Negli otto capitoli dedicati ad alcuni stati e macro-aree, l’autore analizza le ragioni più profonde che hanno portato alla realizzazione dei muri e si concentra sulle divisioni che accentuano molti dei problemi del mondo globalizzato, come quelli identitari ed economici legati ai movimenti migratori di massa (Stati Uniti d’America, subcontinente indiano e Europa), l’esaltazione del concetto di nazione e il nazionalismo economico (Cina, Africa e Regno Unito) e la commistione tra religione e politica (Israele/Palestina e Medio Oriente).

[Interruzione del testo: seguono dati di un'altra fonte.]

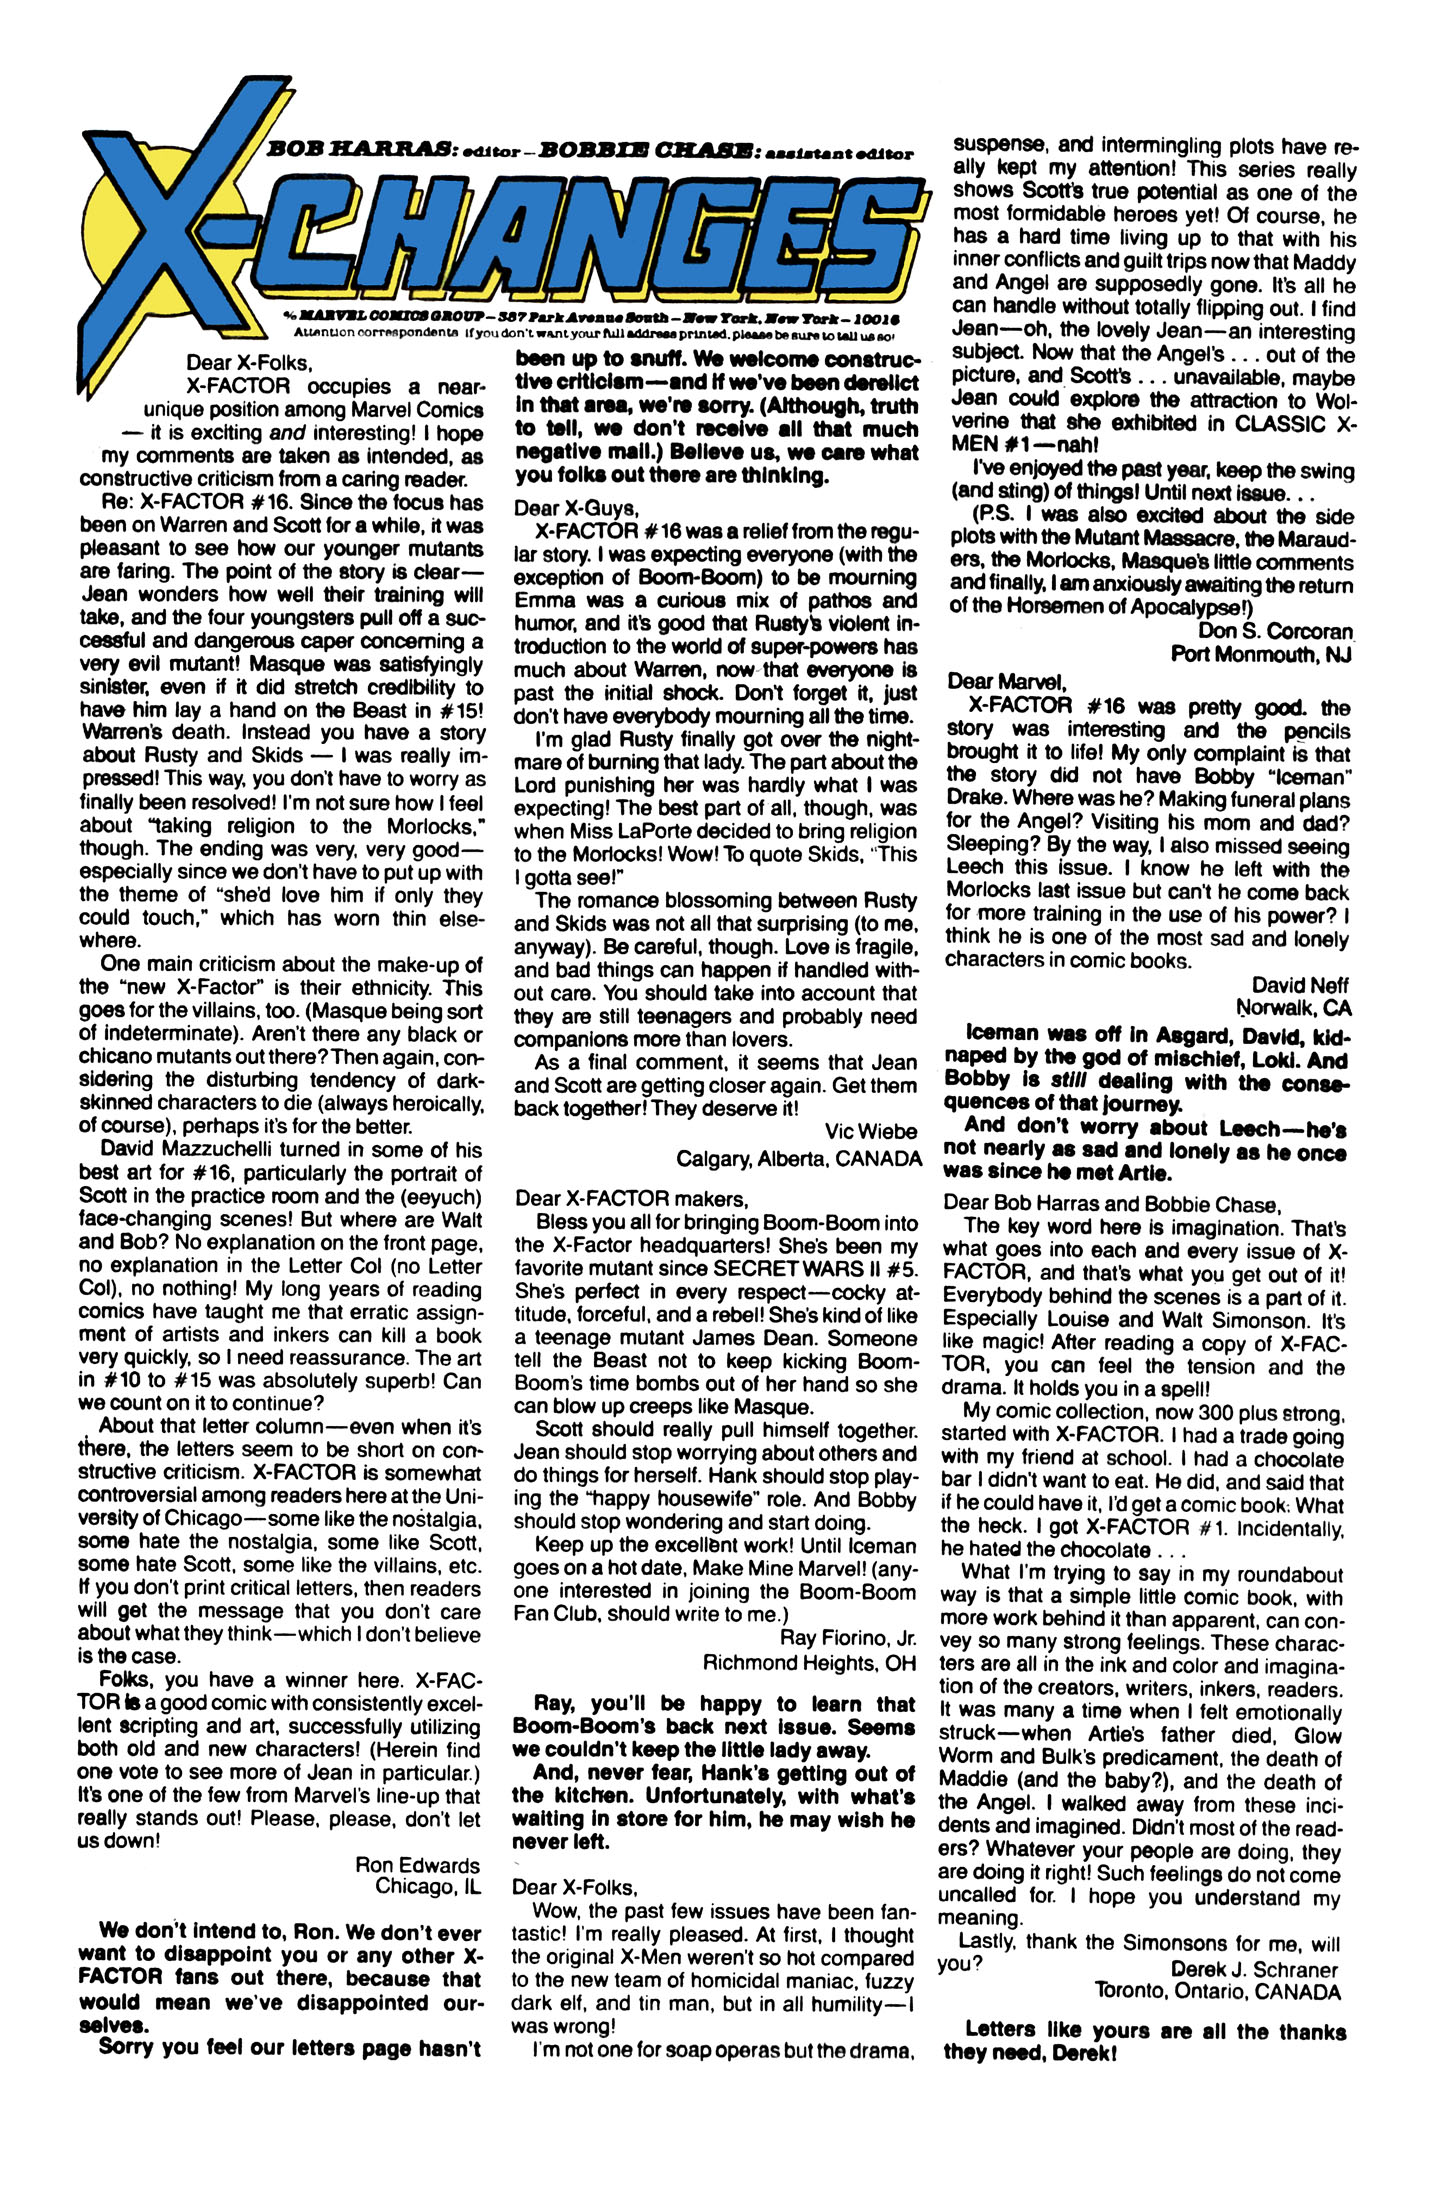 X-Factor (1986) 21 Page 23

Nel primo caso, Marshall rintraccia motivazioni identitarie ed economiche negli Stati Uniti  partendo dal racconto sul confine già esistente con il Messico e dalla proposta di Trump di delimitare i confini nazionali attraverso l’edificazione di un muro, per poi giungere alle disuguaglianze etnico-religioso all’interno del tessuto sociale statunitense. Riguardo al subcontinente indiano, l’autore evidenzia le barriere estese che separano lo stato indiano da quello pakistano e la recinzione indo-bangladese sorta per contenere la migrazione; sull’Europa, invece, Marshall pone l’accento sulla nascita e la caduta del muro di Berlino, sul processo di integrazione dell’Unione Europea e sulla chiusura delle frontiere da parte di alcuni paesi europei per contrastare i flussi migratori provenienti dall’Asia e dall’Africa.

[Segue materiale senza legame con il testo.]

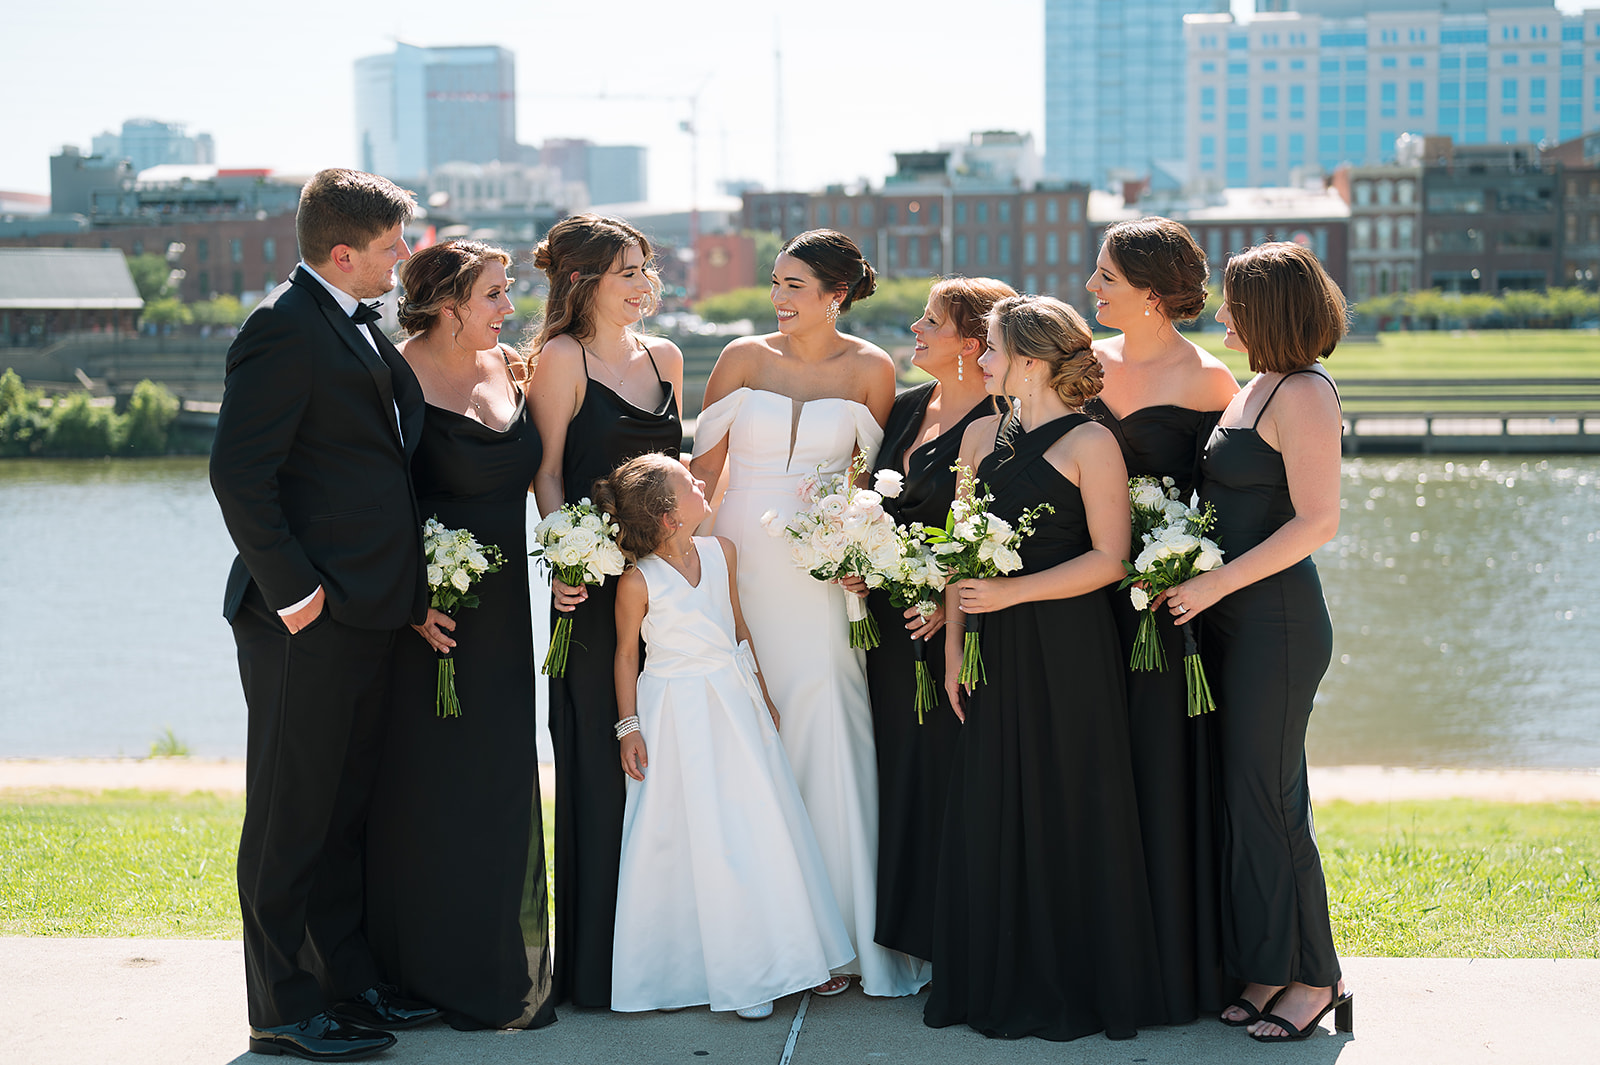 A bride stands with her bridesmaids and flower girl on the edge of a river

L’altra motivazione evocata dall’autore nel secondo caso afferisce al tema del nazionalismo come elemento di aggregazione interno e divisione dall’esterno. Marshall delinea un quadro riassuntivo dell’attuale situazione della Cina e del suo governo muovendo dalla storia della Grande Muraglia, una barriera sorta per demarcare i terreni coltivabili dalla steppa e dal nomadismo, più in generale per separare la civiltà cinese dal resto degli altri popoli. Una separazione netta che, secondo l’autore, è invece sfuggita nel precedente modello di occupazione tribale in Africa a chi ne ha imposto i confini coloniali e con cui, sostiene Marshall, gli stati post-coloniali devono fare i conti per governare i flussi migratori intra-africani, oltre alla crescente proliferazione di comunità protette e blindate nei sobborghi esclusivi di molte città africane. Si tratta di spinte nazionaliste che, afferma l’autore, hanno trascinato il Regno Unito in una spirale di divisioni nazionali e, talvolta, in veri e propri muri di separazione (peace lines) di origine religiosa nell’Irlanda del Nord.

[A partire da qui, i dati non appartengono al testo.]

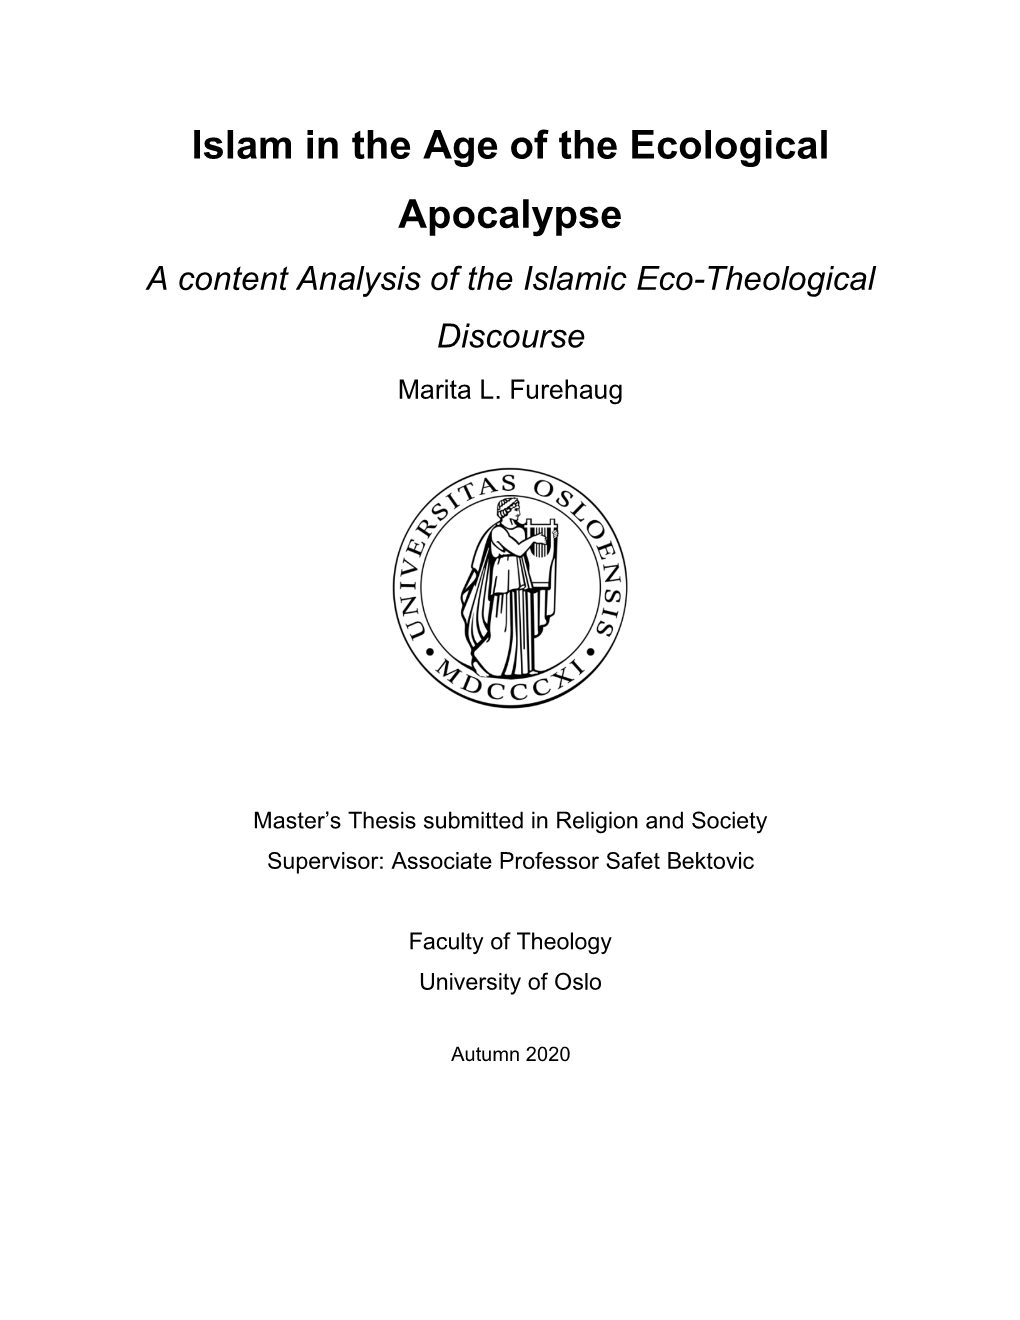 Islam in the Age of the Ecological Apocalypse a Content Analysis of the Islamic Eco-Theological Discourse Marita L

La terza motivazione – quella di matrice religiosa e politica addotta da Marshall – viene affrontata dall’autore nella disamina sul perenne conflitto israelo-palestinese e focalizzata sulla barriera di separazione composta solo in minima parte da un muro – ricorda Marshall – e in gran parte rappresentata da un recinto di filo spinato. Secondo l’autore, ciò che rileva non è solo l’evidenza fisica della linea di demarcazione tra i due stati ma soprattutto il diverso modello di società presente su entrambi i lati, nonché nell’intero Medio Oriente a seguito dei recenti muri costruiti da Giordania, Arabia Saudita, Kuwait e Turchia.

Queste divisioni prima culturali e poi fisiche – ricorda Marshall – hanno mosso le nostre civiltà verso nuovi scenari come i grandi scismi della religione, quello cristiano e quello islamico, o le forme di potere totalitario o la democrazia. Le sfide globali delle crisi finanziarie, del terrorismo, dell’immigrazione e delle disuguaglianze, aggiunge l’autore, vengono percepite da molti popoli come una minaccia all’identità e alla stabilità economica, al punto da rafforzare radicalmente lo spirito di appartenenza ai propri gruppi di riferimento e ad aver paura dell’altro.

Pur consapevole dell’incessante ascesa dei nazionalismi identitari ed economici, in questo volume Marshall invoglia ad una intensa e ottimistica riflessione sui grandi temi del nostro tempo e sul futuro dell’umanità.